At runtime? It might be theoretically possible to do so since escaped closures carry around their context which would make it be a non-null pointer, but that would require Swift to have a type that marks all functions in general, which we can't denote as of now. That is, we would need

func isEscaping<T: IsFunction>(_ f: T) -> Bool

but we don't have a "function protocol" like IsFunction above; we can only write tons of overloads for function types of all possible parameter/return tuples, like () -> (), (A) -> (), () -> A, (A, B) -> (), (A) -> (B), () -> (A, B) etc.

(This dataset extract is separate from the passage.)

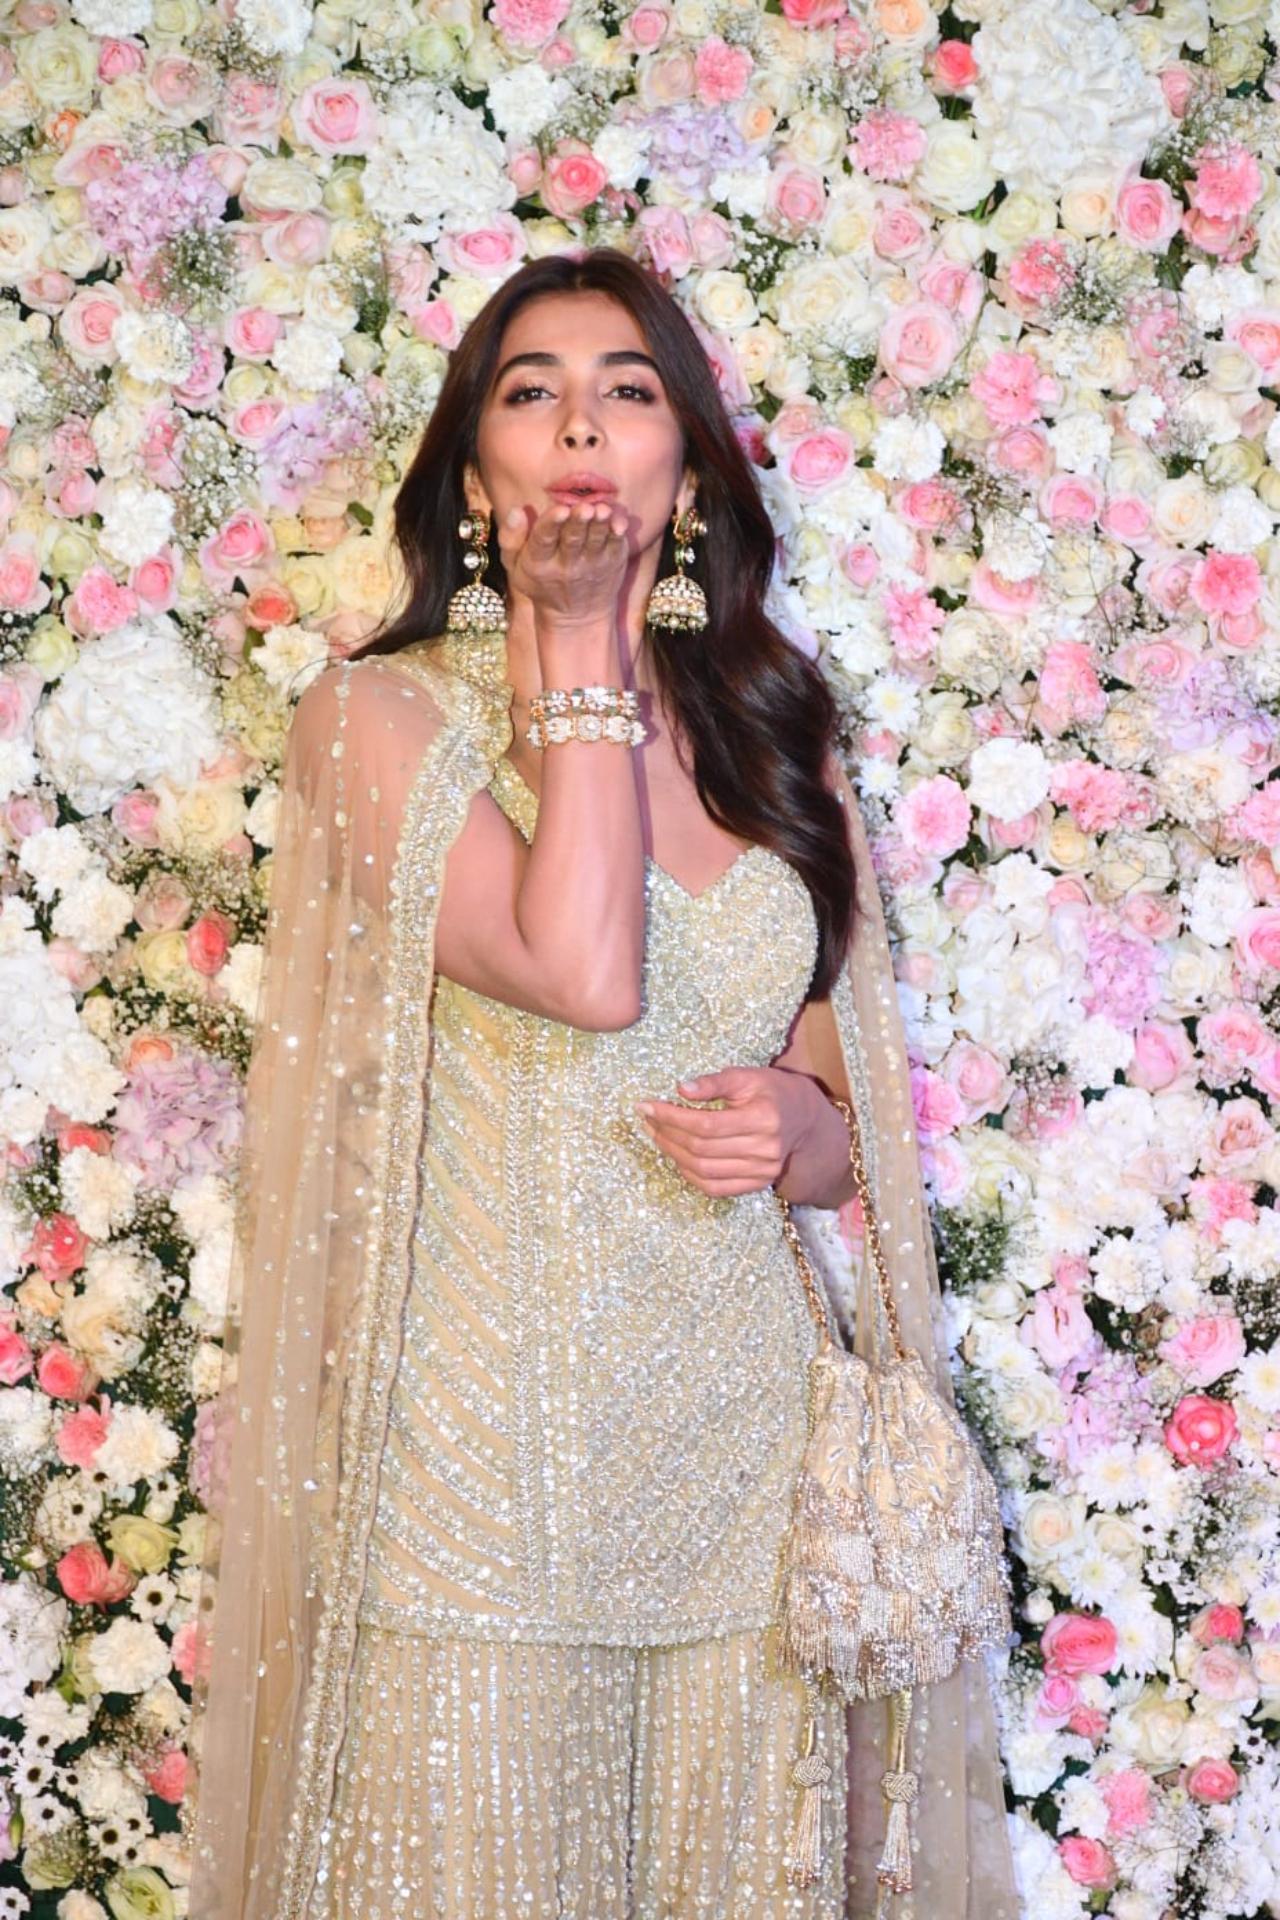 Pooja Hegde gave a flying kiss to the paps as she arrived for the party. She stunned in a green Indian wear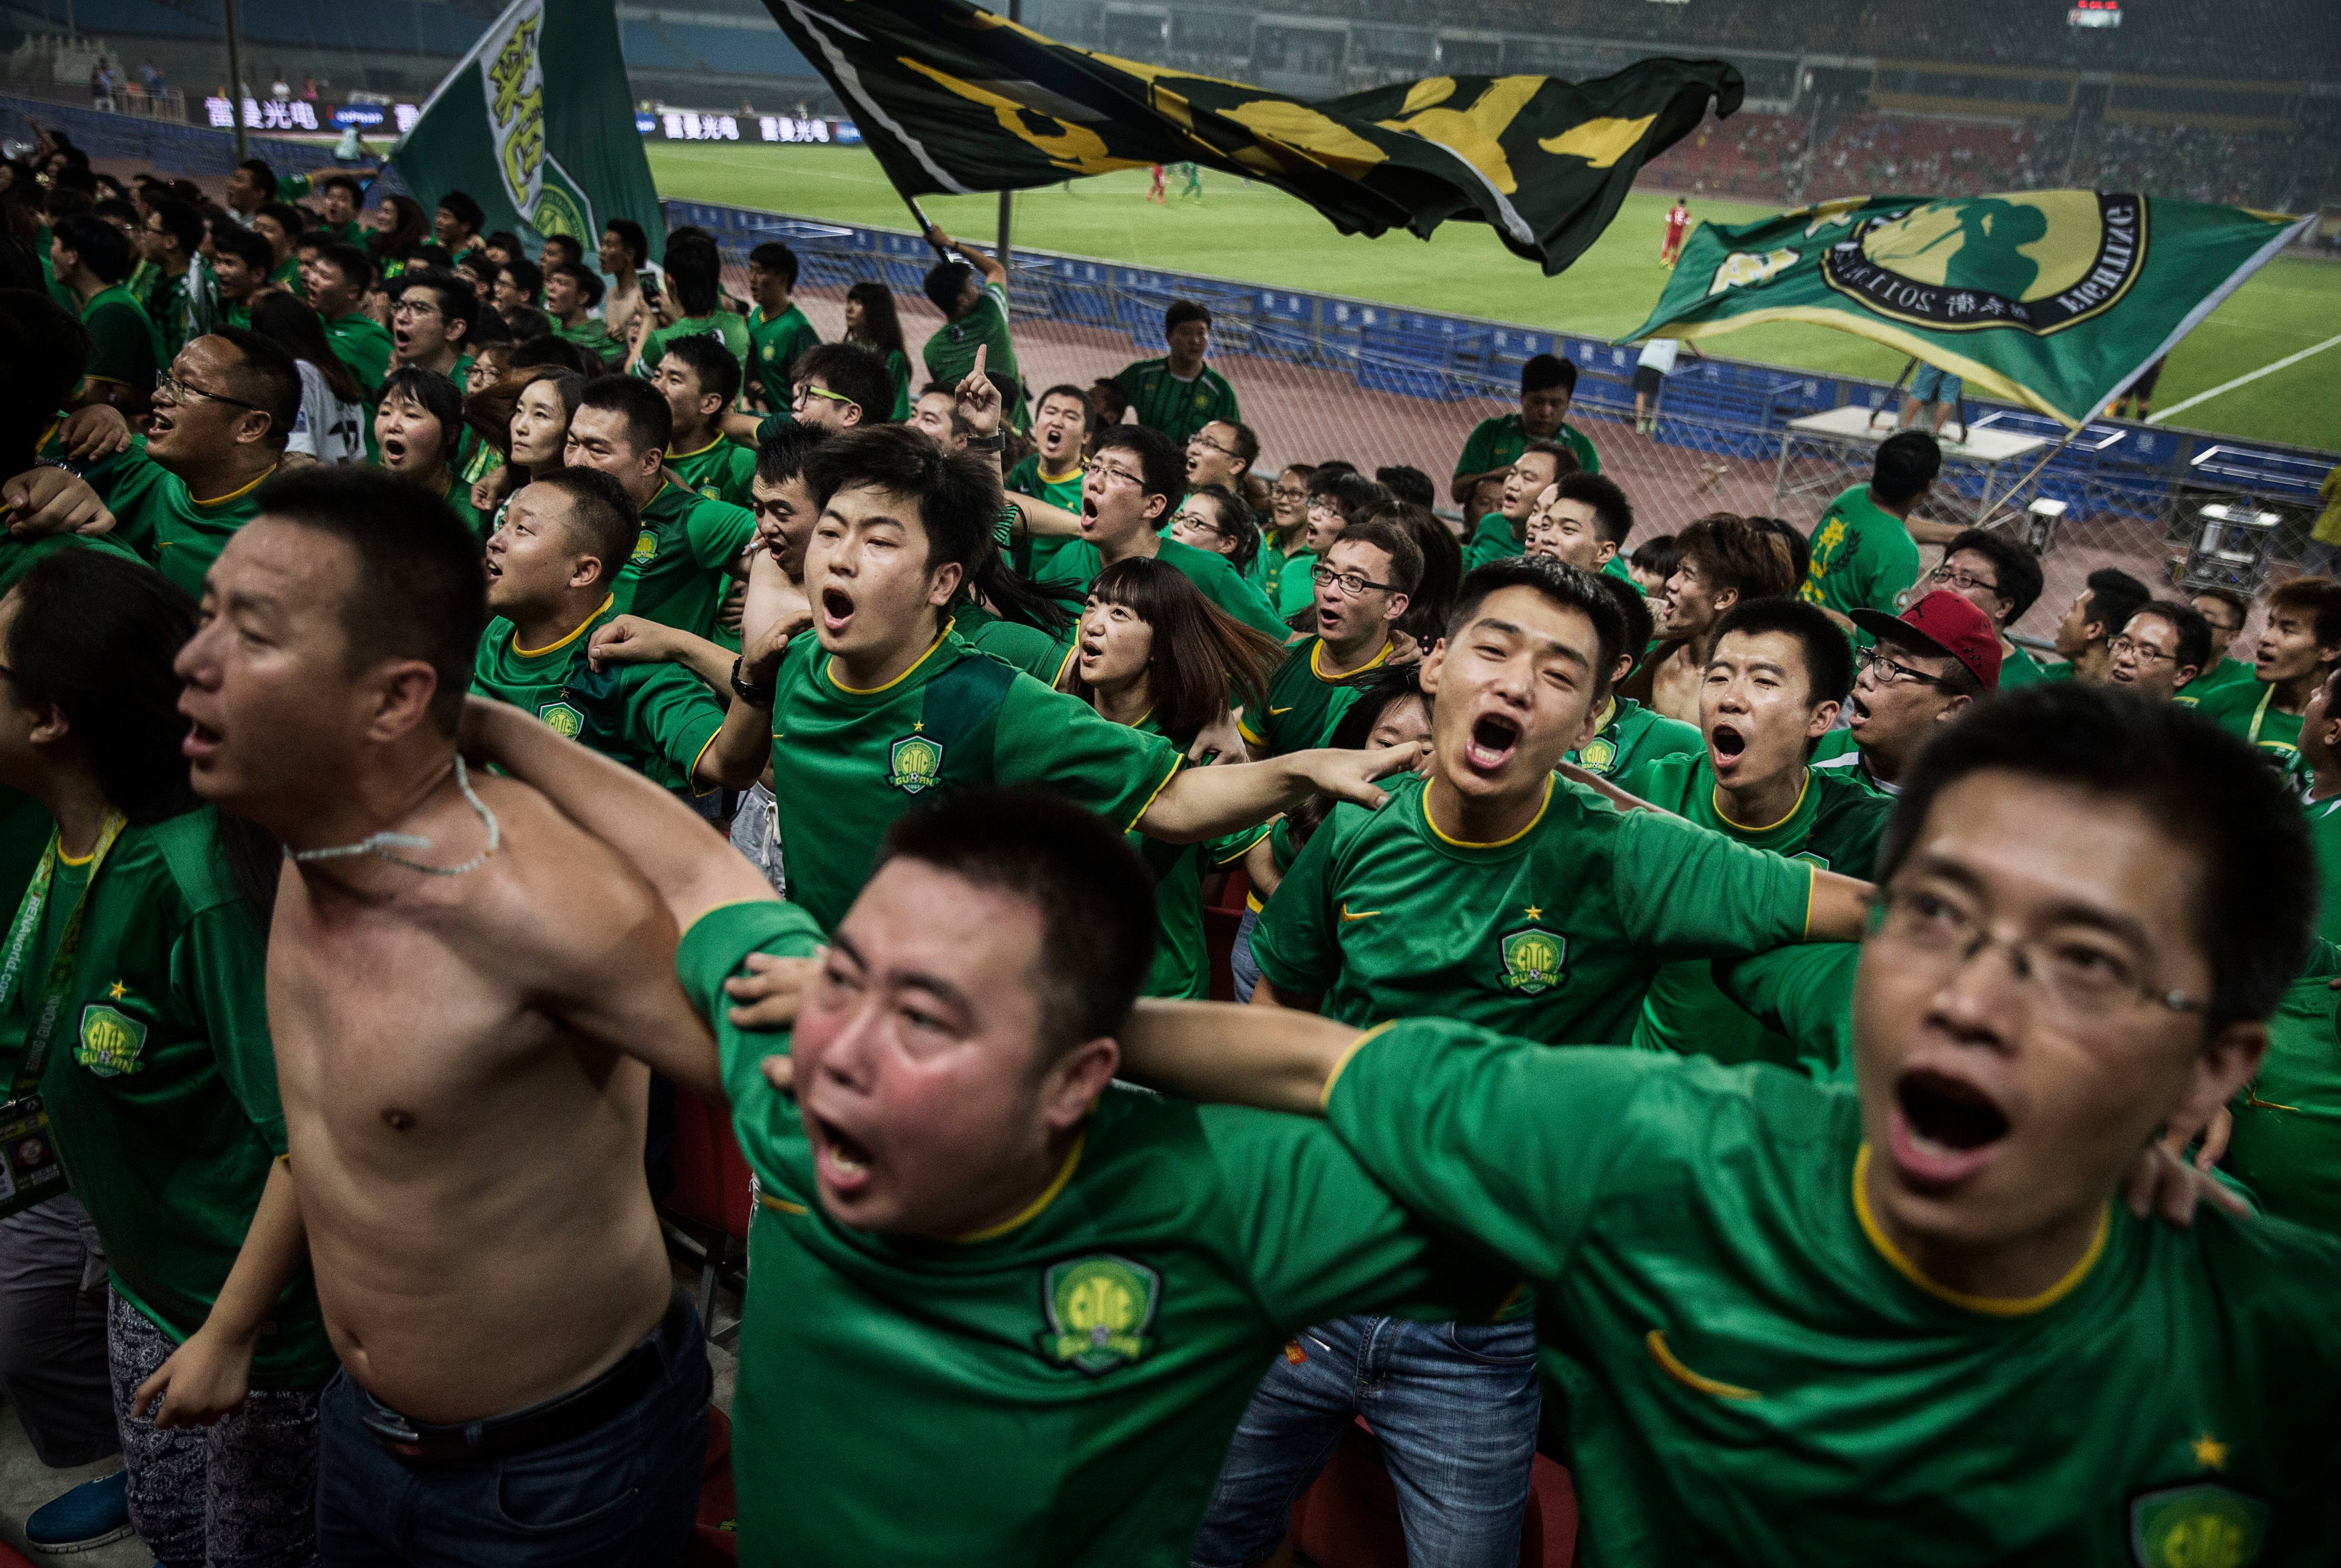 Ultra-supporters and fans of the Beijing Guoan FC celebrate together after a goal against Chongqing Lifan FC during their Chinese Super League match on June 28, 2015, in Beijing (Kevin Frayer—Getty Images)

if escaping was part of the closure type, then T in identity function would become @nonescaping () -> () and there would be no problem with passing nonEscapingByDefault to it

identity function works with normal subtyping

class Closure {}
class EscapingClosure: Closure {}

func identity<T>(_ arg: T) -> T { arg }

func test(arg: Closure) {
    identity(arg) // compiles without an error

Generic parameters are always considered @escaping, the compiler gives a note about this alongside the error you mention. So, in fact, any generic parameter implicitly receives a constraint as though it was

func identity<T: Escaping>(_ arg: T) -> T { arg }

— because it's impossible to know for an arbitrary function generic over T if it stores the argument somewhere or not, the strongest constraint is assumed.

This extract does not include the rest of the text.